At the end of 2018, Travelperk developed a user-friendly interface for train results, while TripActions announced a partnership with Trainline for Business, the B2B rail technology solution arm of Trainline, in June last year.
The End of Shuttle Flights?
European Sleeper could be one of several startups to emerge next year as airlines have their wings clipped by governments eager to promote sustainable modes of transport.
Its launch follows plans for a similar service by the state railways of Germany, Austria, France and Switzerland, which are investing a combined $605 million into a project that will link 13 cities.
Some travelers may soon have no choice.
After its first major bailout last year, Air France was told by the government it could no longer compete with the high-speed trains in France on routes under two and a half hours.
“We are working with the French railway, SNCF, to improve our intermobility and connections,” said CEO Anne Rigail at Skift Aviation Forum in November. “Environmental awareness is becoming more acute. We are adding a lot of actions to make it a first priority of the airline.”
Following the carrier’s latest state aid package announced on April 6, worth $4.7 billion, more short-haul flights could be axed.
And ahead of the curve, Dutch airline KLM was promoting rail travel in its “Fly Responsibly” campaign in 2019, while Lufthansa has been working with Germany’s rail operator Deutsche Bahn to connect airports with high-speed trains.
Getting the Distribution Right
One obstacle, however, is that rail booking systems aren’t quite as sophisticated as their aviation counterparts.

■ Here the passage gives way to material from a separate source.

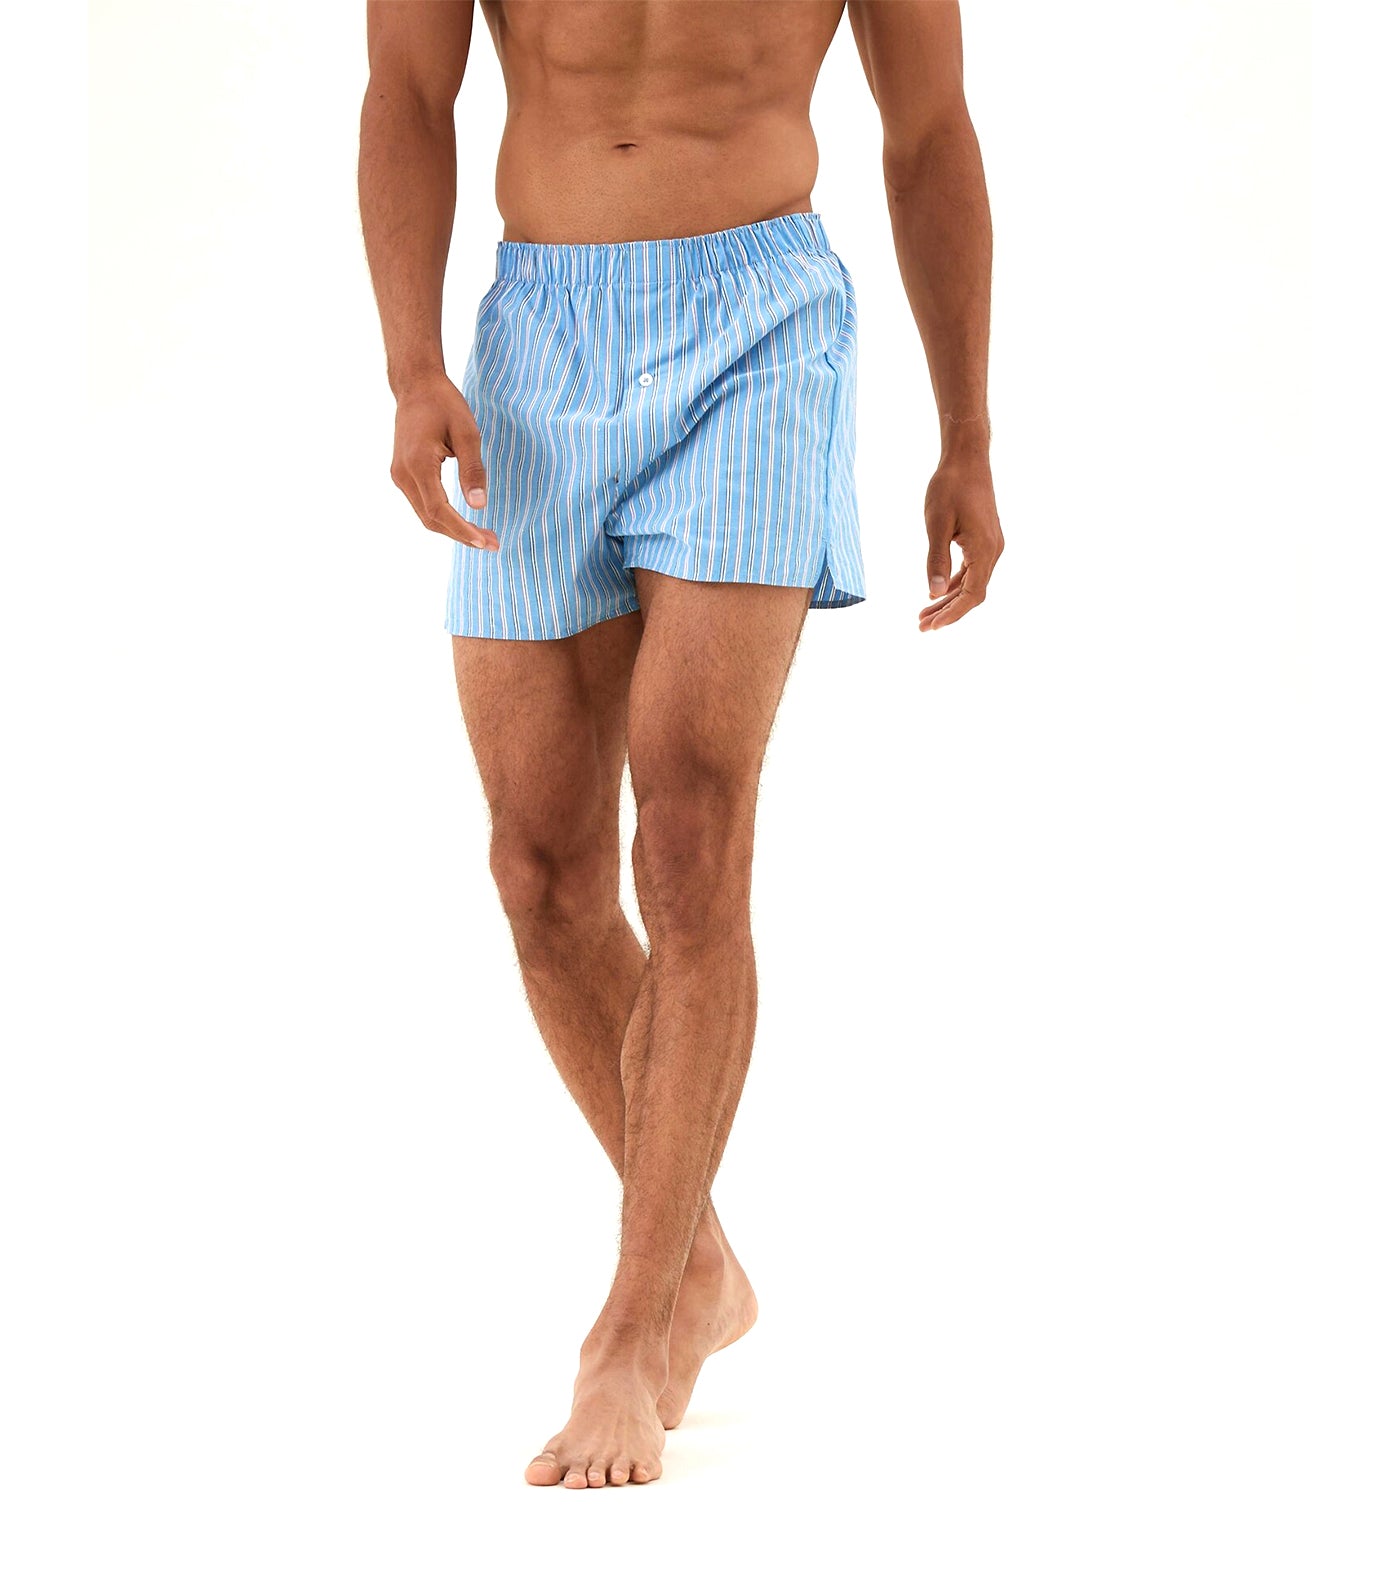 Boxer Shorts Pack Of 12 Men's Woven Boxers Cotton Rich Comfort Fit Underwear

“The trick is going to be to seamlessly integrate European Sleeper’s content with air and high-speed train options, so credible options can be offered at the point of sale,” said Chris Pouney, a former travel manager and associate at GoldSpring Consulting. “Intermodality is key.”
When Travelperk built its rail booking platform, it discovered there were an average of 50,000 possible journeys a day. “We redesigned for this by filtering with fixed time windows, two hours or less, which we hadn’t thought of at first,” noted lead user experience designer Chris Roy at the time.
One travel manager, based in Germany, said the service looked like it would be more suited to leisure travelers, with backpacker-friendly cities like Amsterdam, Berlin and Prague. He also argued that same-day business trips at his company would likely be the trend in 2020, rather than longer trips.
Then there’s the reach. To convince businesses to give it a shot, European Sleeper will need to connect more cities. Technically the UK has left the European Union, but it’s still a part of Europe.
“We’re in contact with Eurostar to see if we can do combined ticketing,” said Engelsman, who is also a project manager at Amsterdam’s transport authority. “Maybe we can have a through ticket from London to Prague, on the Eurostar to Brussels.”
What’s actually being offered in the carriages and compartments will also need to be explained. While airlines invest in cabins to entice business travelers with fancy menus and fast Wi-Fi, there’s a lack of awareness around what sleeper trains actually offer. “We eulogize the latest airline to offer a suite or cabin type product, yet business travelers have historically shunned such offerings on trains, often considered as a ‘second class’ mode of transport,” added Pouney.
With a year to go, Engelsman said businesses, and corporate travel agencies, have the opportunity to help shape European Sleeper ahead of its launch, and he’s encouraging feedback. “We could upgrade the level of service,” he said. “There are various carriages one can rent in the market.”